New Policy Driven by 2017 Collapse

DNR determined that allowing Cooke to continue operations posed risks of environmental harm to state-owned aquatic lands resulting from lack of adherence to lease provisions and increased costs to DNR associated with contract compliance, monitoring, and enforcement.

In August of 2017, a net pen at Cooke’s Cypress Island fish farm collapsed, releasing hundreds of thousands of Atlantic salmon into Puget Sound. As a result, DNR terminated that lease. Cooke was fined $332,000 and found negligent by the state Department of Ecology.

In December of 2017, DNR terminated Cooke’s Port Angeles lease due to Cooke operating in an unauthorized area and failing to maintain the facility in a safe condition. Cooke challenged that termination in the superior court and that litigation is still pending.
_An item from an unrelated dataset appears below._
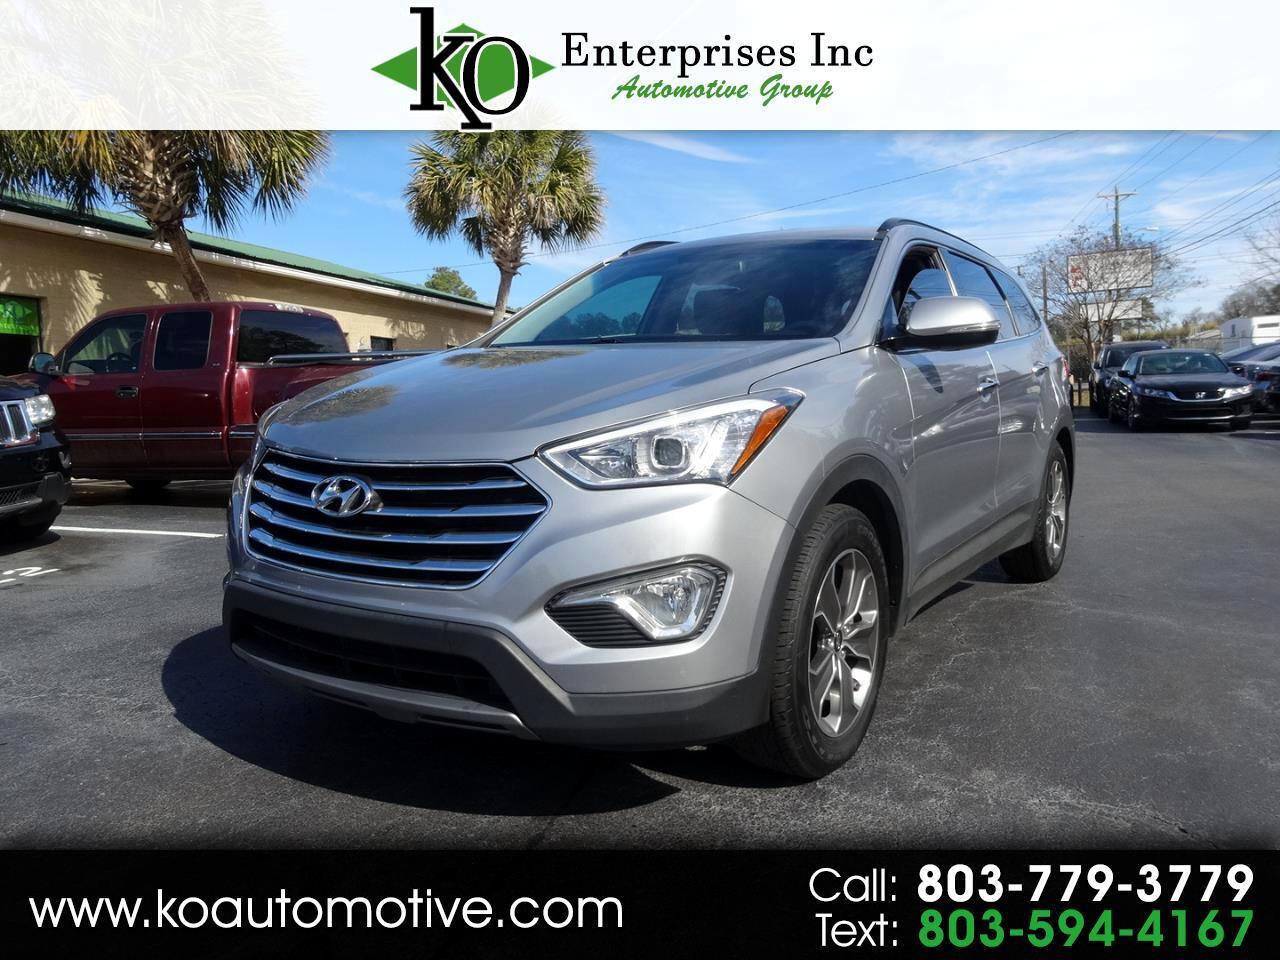 2013 Hyundai Santa Fe FWD 4dr GLS

The Washington state Legislature in 2018 phased out Atlantic salmon farming, and the company since shifted operations at its remaining leaseholds in Rich Passage and Hope Island to grow sterile steelhead trout.

Commissioner Franz’s full order is available at https://www.dnr.wa.gov/sites/default/files/publications/em_commissioners_order_net_pens.pdf
 
This 4 part series is really in depth. There are no easy answers.

 
Tangential
...
His Day Boat Seafood in 2011 became one of the first longline companies in the world to carry an ecolabel from the Marine Stewardship Council — the industry’s gold standard. As part of that sustainability drive, the Fort Pierce, Florida, company blazed a trail for video monitoring that spread throughout the U.S.’ Atlantic tuna fleet.
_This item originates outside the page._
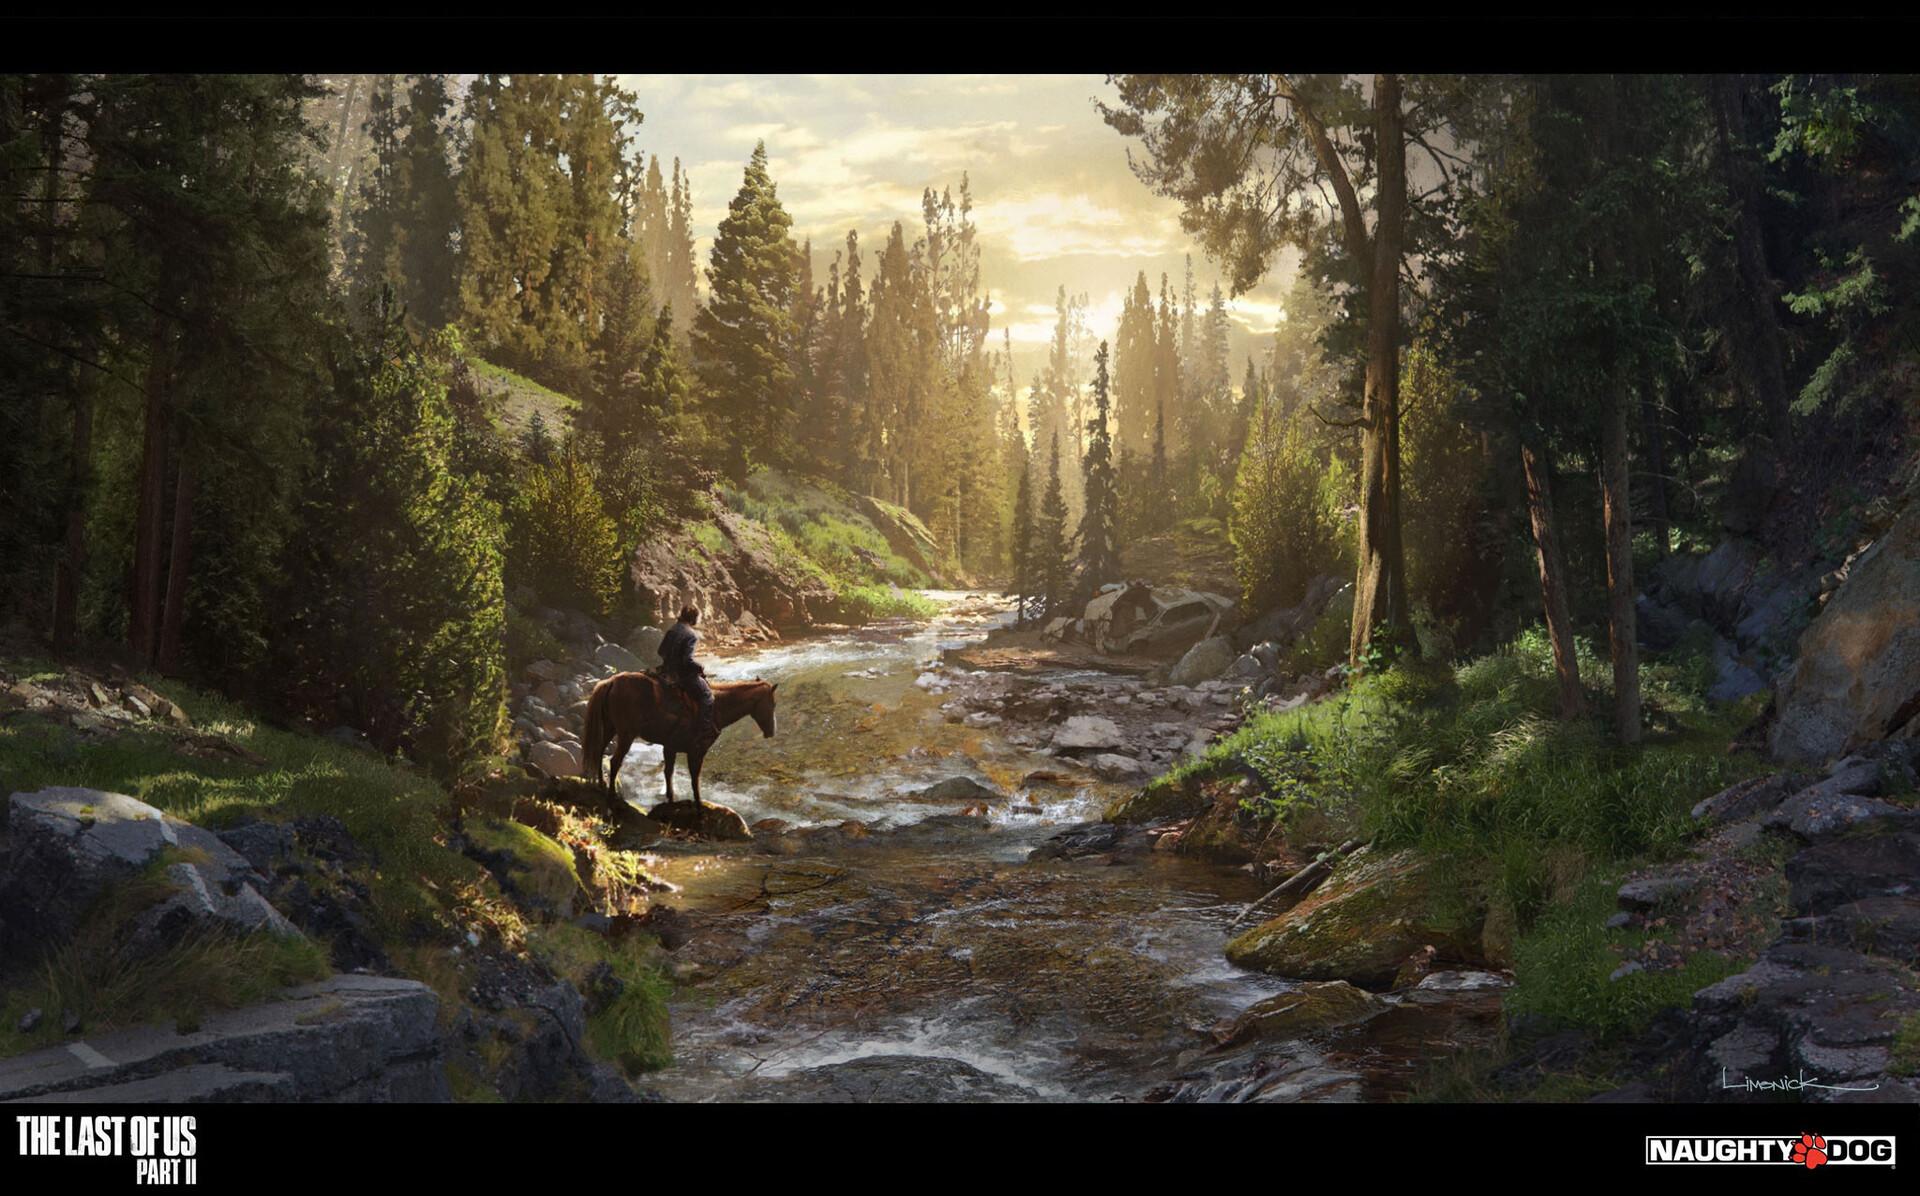 aaron-limonick-prologue-river-1.jpg

“I really believed in it. I thought it was a game changer,” he said.

But his enthusiasm turned when NOAA used the videos to bring civil charges against him last year for what he says was an accidental case of illegal fishing.

The bust stems from trips made by four tuna boats managed by Day Boat to a tiny fishing hole bound on all sides by the Bahamas’ exclusive economic zone and a U.S. conservation area off limits to commercial fishing. Evidence reviewed by the AP show that Taylor’s boats were fishing legally inside U.S. waters when they dropped their hooks. But hours later some of the gear, carried by hard-to-predict underwater eddies, drifted a few miles over an invisible line into Bahamian waters.

Geolocated video footage was essential to proving the government’s case, showing how the boats pulled up 48 fish — swordfish, tuna and mahi mahi — while retrieving their gear in Bahamian waters.

As a result, NOAA levied a whopping $300,000 fine that almost bankrupted Taylor’s business and has had a chilling effect up and down the East Coast’s tuna fleet.

When electronic monitoring was getting started a decade ago, it appealed to fishermen who thought that the more reliable data might help the government reopen coastal areas closed to commercial fishing since the 1980s, when the fleet was five times larger. Articles on NOAA’s website promised the technology would be used to monitor tuna stocks with greater precision, not play Big Brother.

“They had everyone snowballed,” said Martin Scanlon, a New York-based skipper who heads the Blue Water Fishermen’s Association, which represents the fleet of around 90 longline vessels. “Never once did they mention it would be used as a compliance tool.”

Meanwhile, for Taylor, his two-year fight with the federal government has cost him dearly. He’s had to lay off workers, lease out boats and can no longer afford the licensing fee for the ecolabel he worked so hard to get. Most painful of all, he’s abandoned his dream of one day passing the fishing business on to his children.

“The technology today is incredibly effective,” Taylor said. “But until foreign competitors are held to the same high standards, the only impact from all this invasiveness will be to put the American commercial fishermen out of business.”


I think this is something that everyone fears, and is what's really holding us back from managing fish stocks correctly. There's no political will to punish US fisherman when the rest of the world is still raping and pillaging. Then when you get voluntary compliance you turn around and hammer them because you can. Was 48 fish really worth $300k in fines and a reversal of voluntary support?